I test in kubernetes container
Here are my test code.
mylib.cpp
#include <stdio.h>
#include <unistd.h>
#include <dlfcn.h>
#include <cuda_runtime.h>
cudaError_t cudaMalloc( void** devPtr, size_t count )
{
cudaError_t (*lcudaMalloc) ( void**, size_t) = (cudaError_t (*) ( void**, size_t))dlsym(RTLD_NEXT, "cudaMalloc");
printf("ptr: %u\n", &devPtr);
printf("cudaMalloc hooked\n");
return lcudaMalloc(devPtr, count);
}
cudaError_t cudaFree( void* devPtr)
{
cudaError_t (*lcudaFree) ( void*) = (cudaError_t (*) ( void*))dlsym(RTLD_NEXT, "cudaFree");
printf("ptr: %u\n", &devPtr);
printf("cudaFree hooked\n");
return lcudaFree(devPtr);
}
and I compiled C++ code
g++ -I/usr/local/cuda/include -fPIC -shared -o lib.so mylib.cpp -ldl -L/usr/local/cuda/lib64 -lcudart
test_src.py
import tensorflow as tf
mnist = tf.keras.datasets.mnist
(x_train, y_train), (x_test, y_test) = mnist.load_data()

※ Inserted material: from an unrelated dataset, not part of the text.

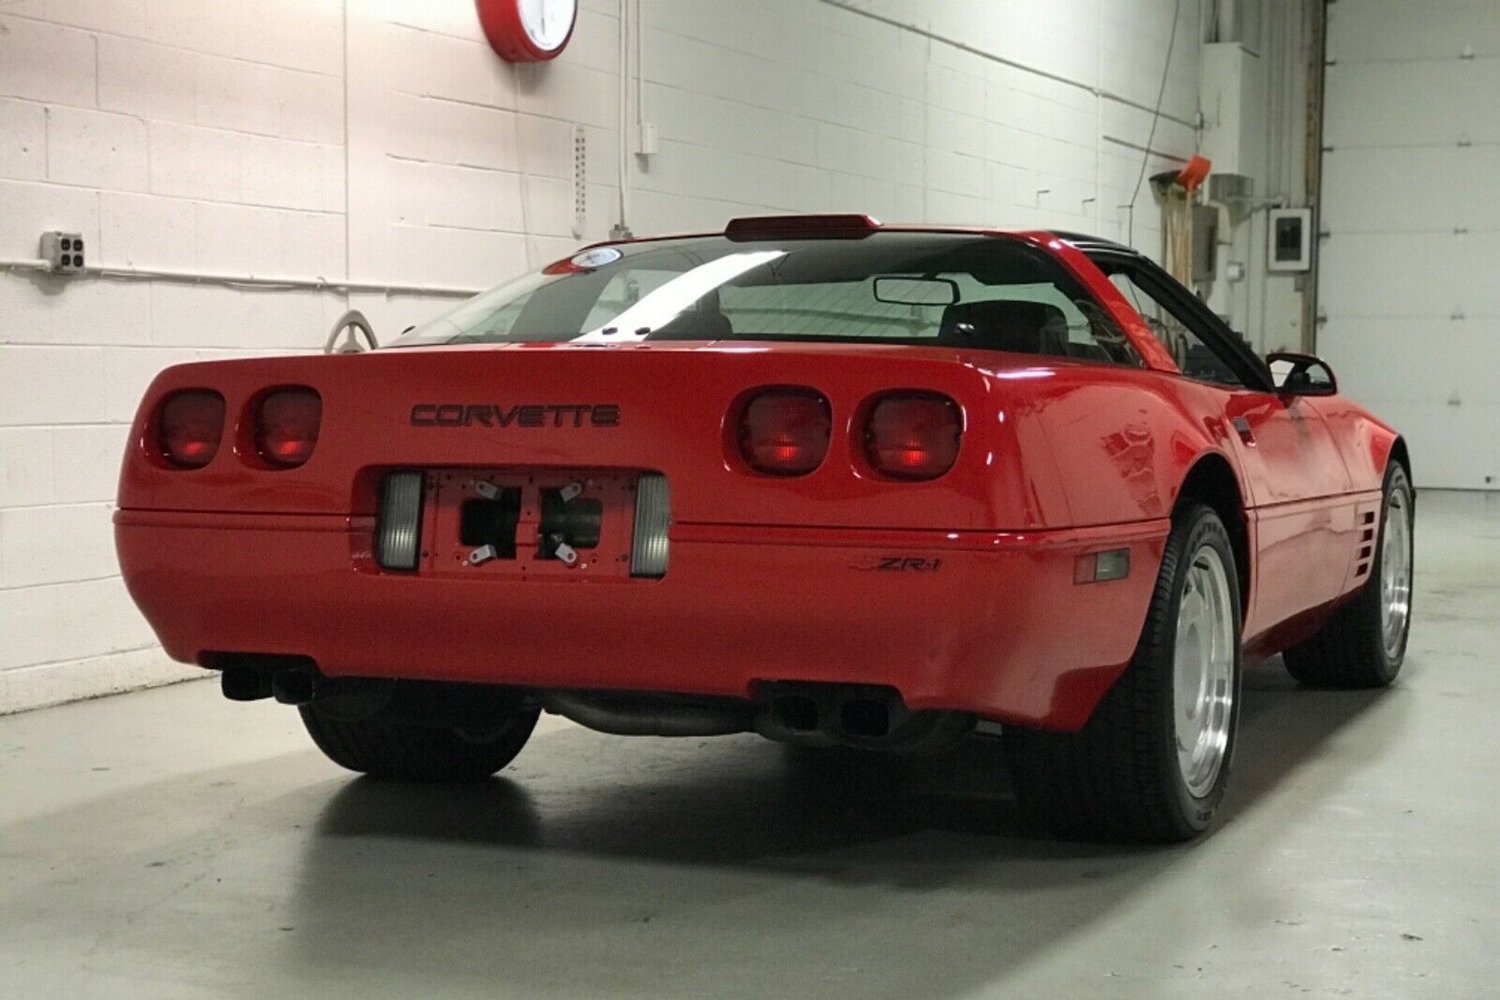 30 évig várt az első tulajdonosra ez a piros Corvette 4

x_train, x_test = x_train / 255.0, x_test / 255.0
model = tf.keras.models.Sequential([
tf.keras.layers.Flatten(input_shape=(28, 28)),
tf.keras.layers.Dense(128, activation='relu'),
tf.keras.layers.Dropout(0.2),
tf.keras.layers.Dense(10, activation='softmax')
])
model.compile(optimizer='adam',
loss='sparse_categorical_crossentropy',
metrics=['accuracy'])
model.fit(x_train, y_train, epochs=20)
model.evaluate(x_test, y_test, verbose=2)
and then I run this command
LD_PRELOAD=lib.so python3 test_src.py
Then I got the message.
cudaMalloc hooked
Segmentation fault (core dumped)
But if I run without “LD_PRELOAD=lib.so”, I get no error
env
tensorflow = 1.14
cuda = 10.1
nvidia driver = 470.57.02
gpu = Tesla T4
What is the problem??